Personalized Nanovaccines Enhance Lymph Node Accumulation and Reprogram the Tumor Microenvironment for Improved Photodynamic Immunotherapy

Tumor immunotherapy has emerged as an efficacious therapeutic approach that mobilizes the patient's immune system to achieve durable tumor suppression. Here, we design a photodynamic therapy-motivated nanovaccine (Dex-HDL/ALA-Fe₃O₄) co-delivering 5-aminolevulinic acid and Fe₃O₄ nanozyme that demonstrate a long-term durable immunotherapy strategy. After vaccination, the nanovaccine exhibits obvious tumor site accumulation, lymph node homing, and specific and memory antitumor immunity evocation.

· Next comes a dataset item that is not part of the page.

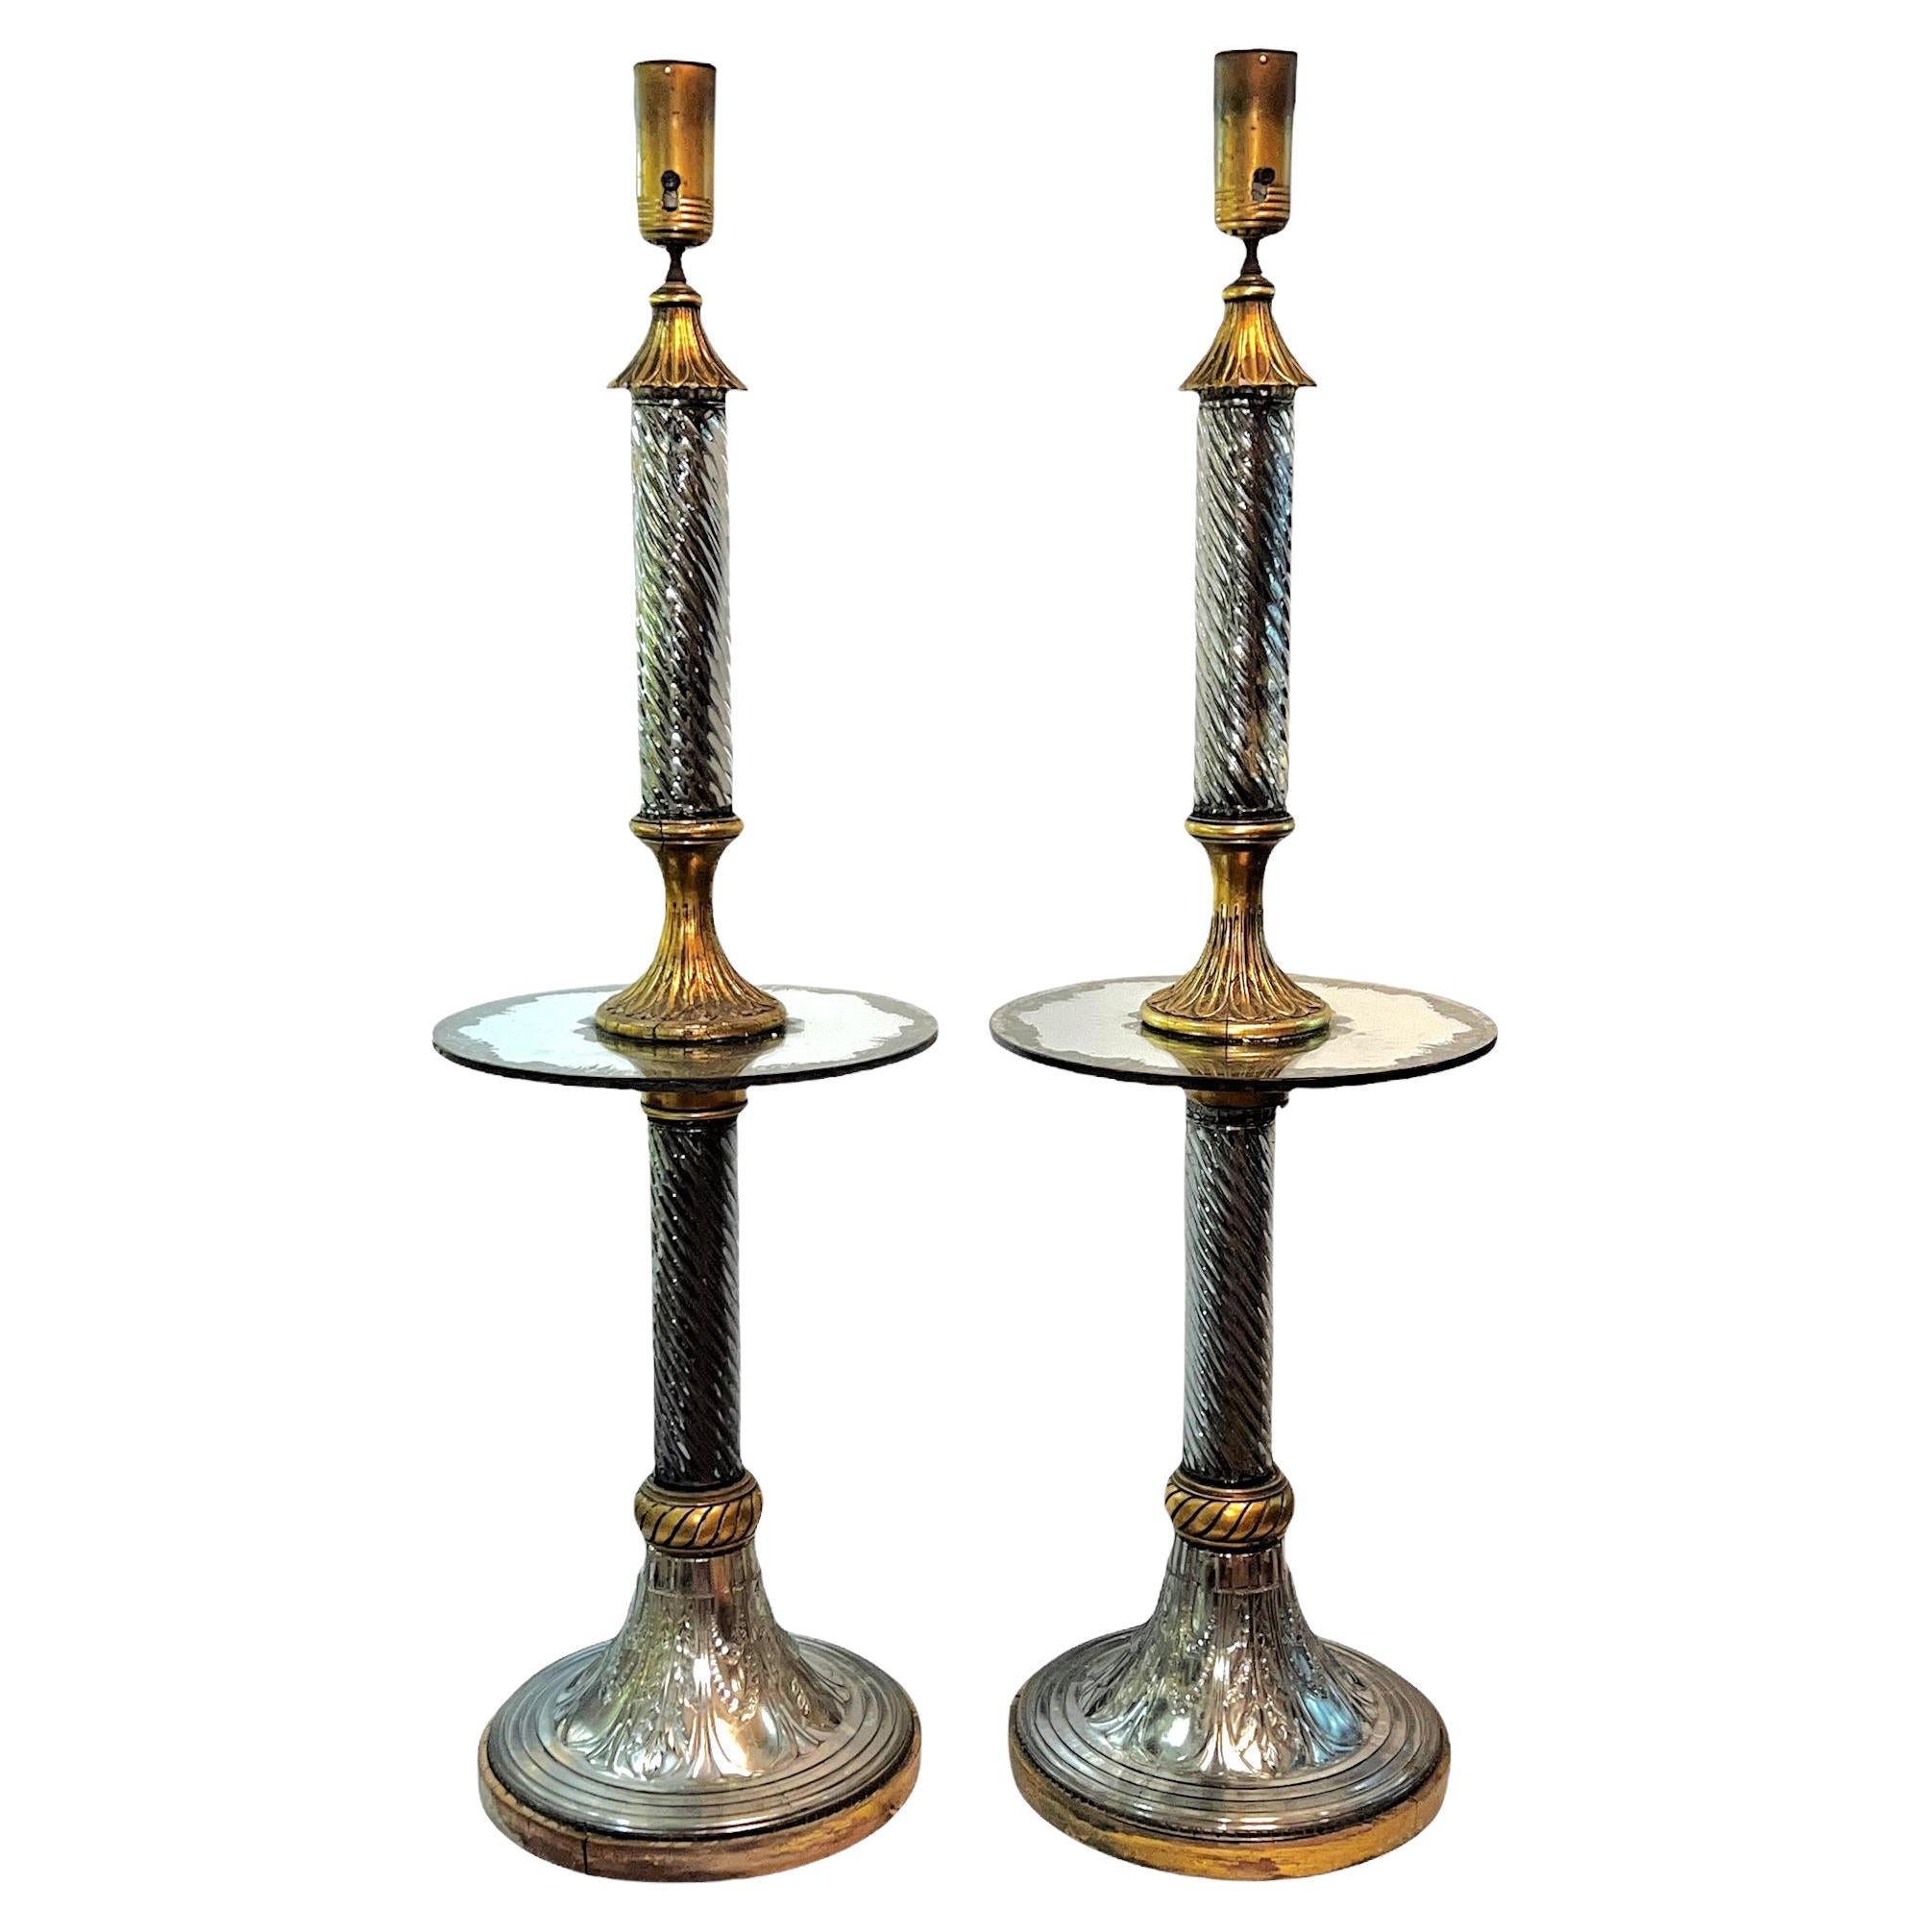 Tables de lampe en bois doré et verre attribuées à la Maison Bagues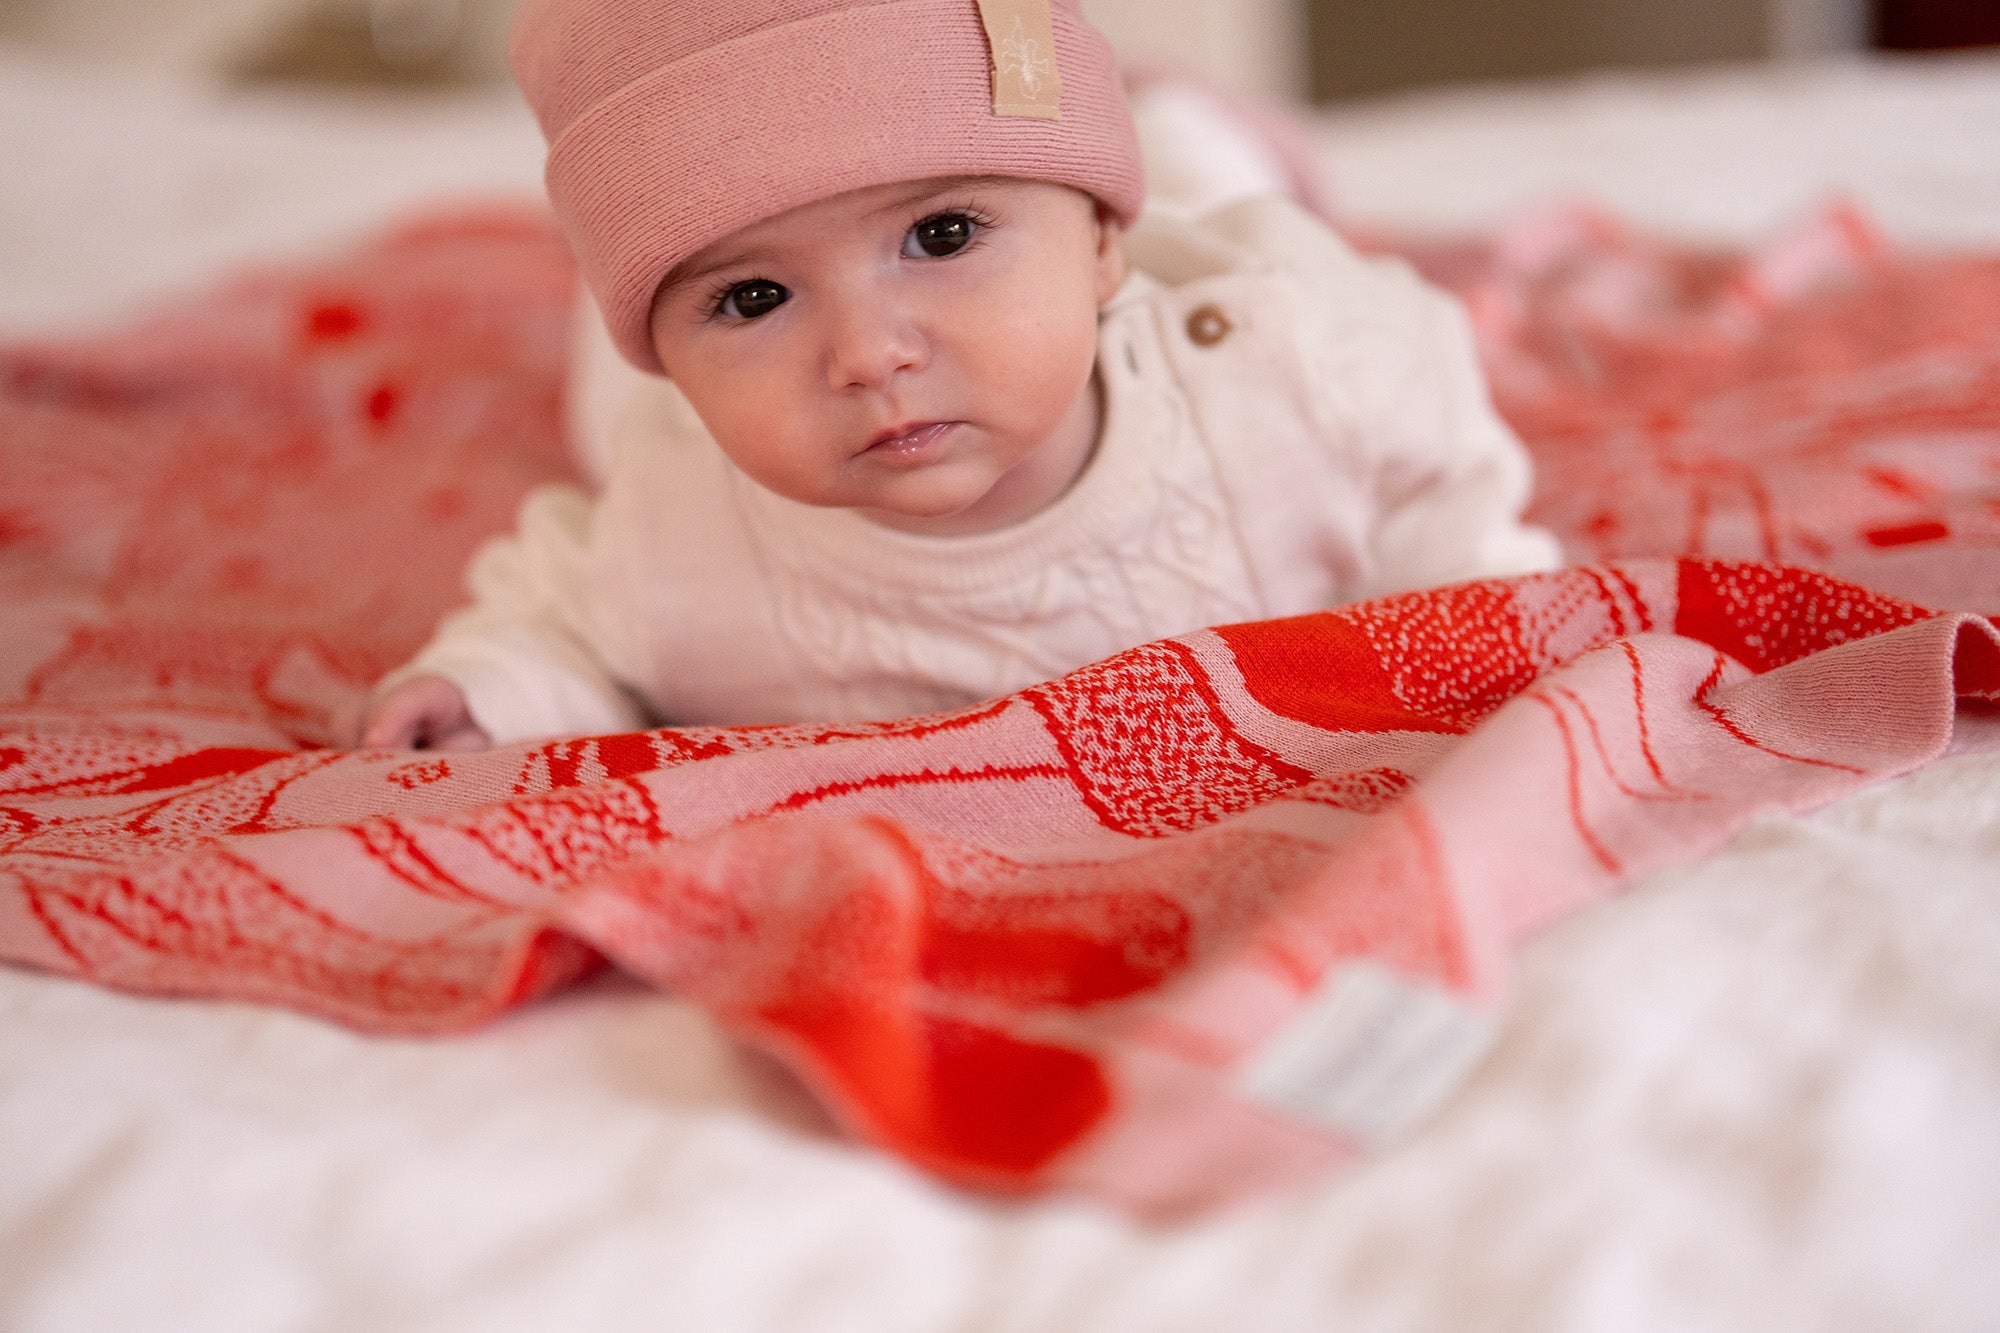 Entdecke unsere hochwertigen LILIMOON Babydecke 'ROSALIE': Hergestellt aus feinster italienischer Baumwolle und Kaschmir in Hamburg. Personalisiere deine Decke mit dem Wunschnamen deines Kindes.

Upon laser irradiation, Dex-HDL/ALA-Fe₃O₄ effectively generates reactive oxygen species at the tumor site not only to induce the immunogenic cell death-cascade but also to trigger the on-demand release of full types of tumor antigens. Intriguingly, Fe₃O₄ nanozyme-catalyzed hydrogen peroxide generated oxygen for alleviating tumor hypoxia and modifying the inhibitory tumor microenvironment, thereby exhibiting remarkable potential as a sensitizer. The intravenous administration of nanovaccines in diverse preclinical cancer models has demonstrated remarkable tumor regression and inhibition of postoperative tumor recurrence and metastasis, thereby enabling personalized treatment strategies against highly heterogeneous tumors.